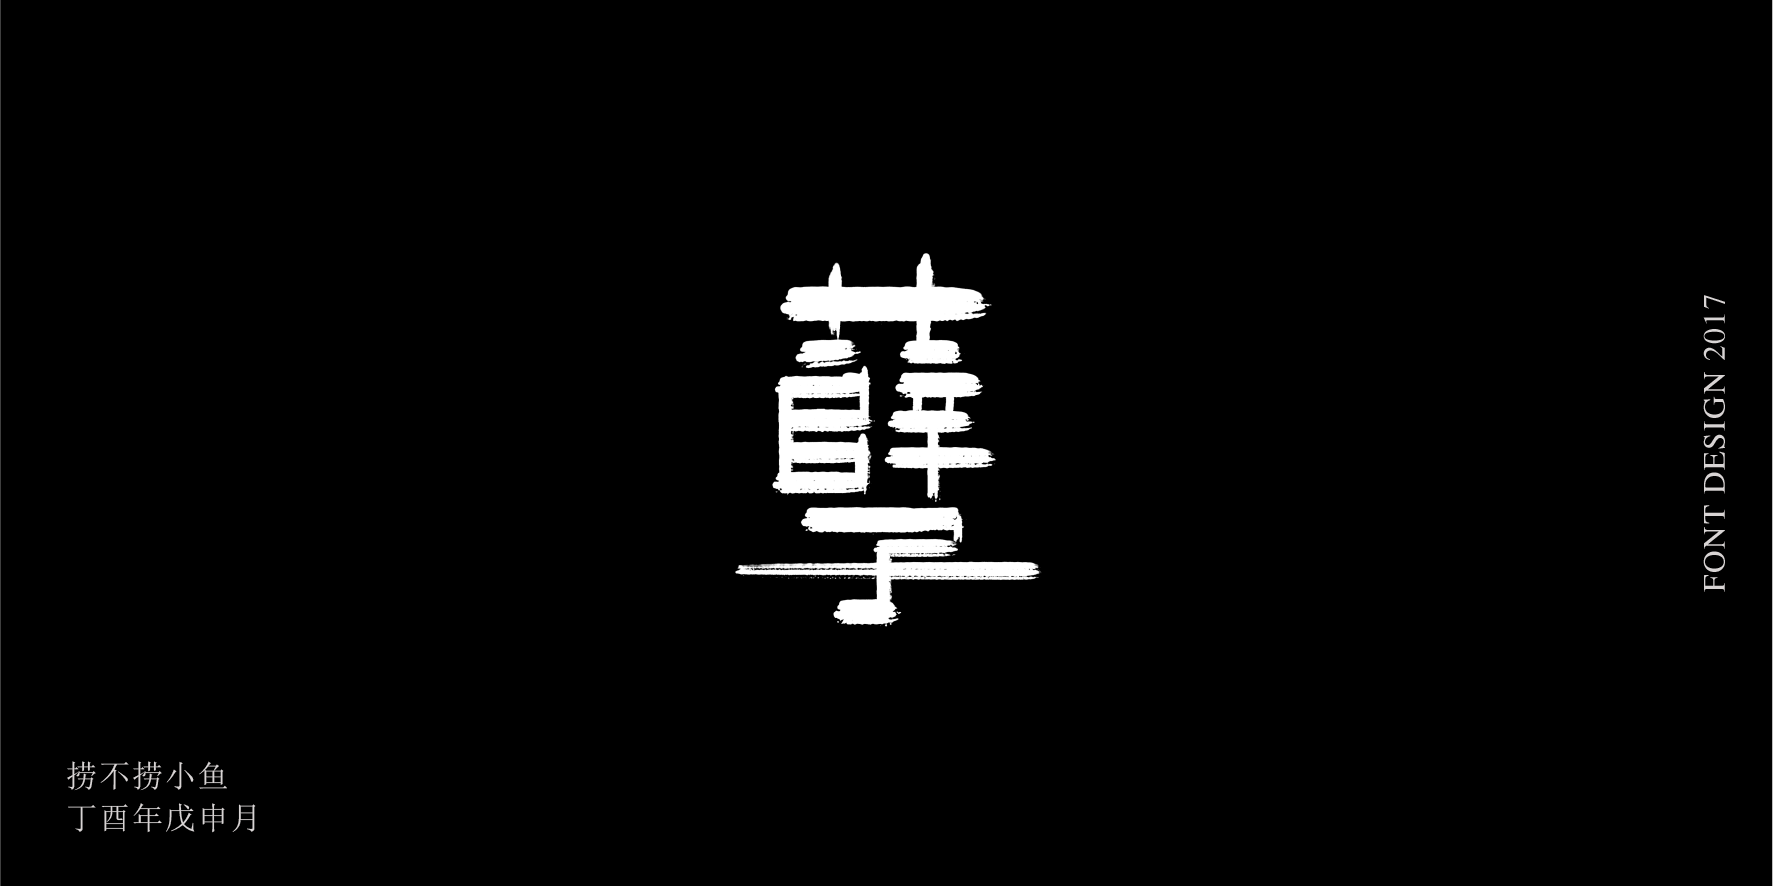 27P My Chinese font calligraphy exercises
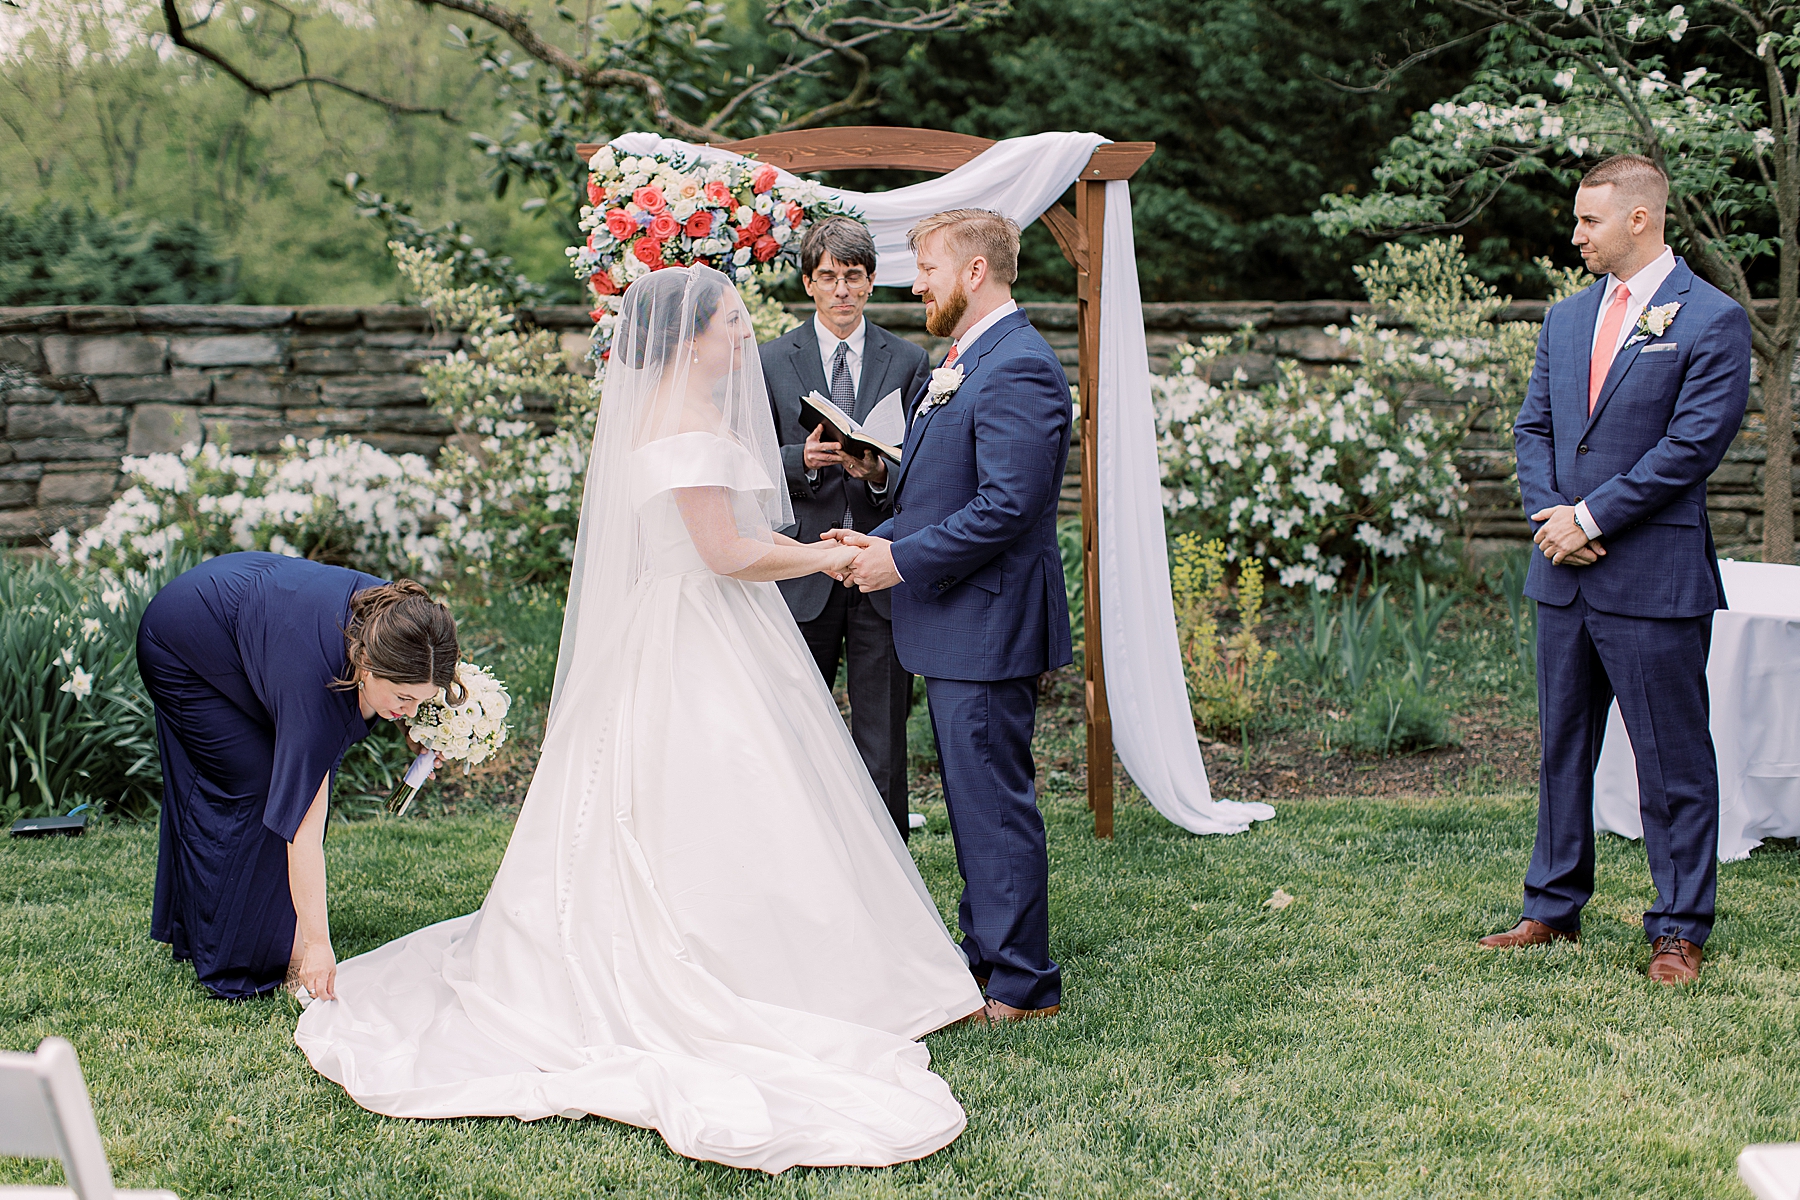 couple exchanges vows by arbor on lawn at Bellevue Hall
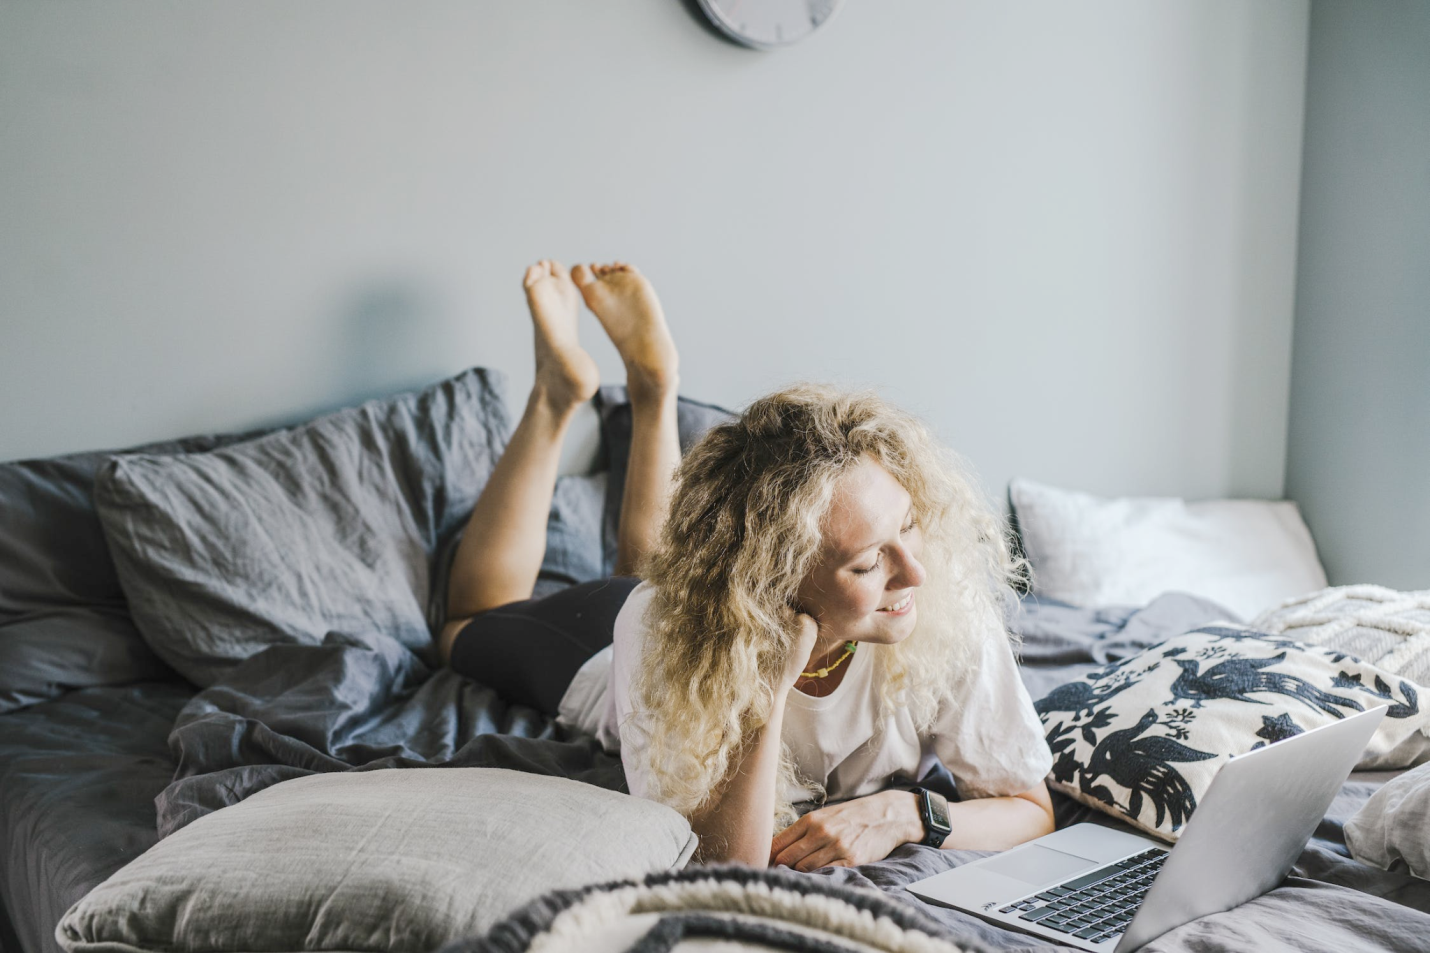 An image of a woman lying on the bed watching something on a laptop
┄┄┄┄┄┄┄┄┄┄
## Problem statement:
Starting at the line that contains "couple exchanges vows", restate each line verbatim through the final line of the listing, skipping all pictures.

## Solution for this exercise:
 couple exchanges vows by arbor on lawn at Bellevue Hall
 An image of a woman lying on the bed watching something on a laptop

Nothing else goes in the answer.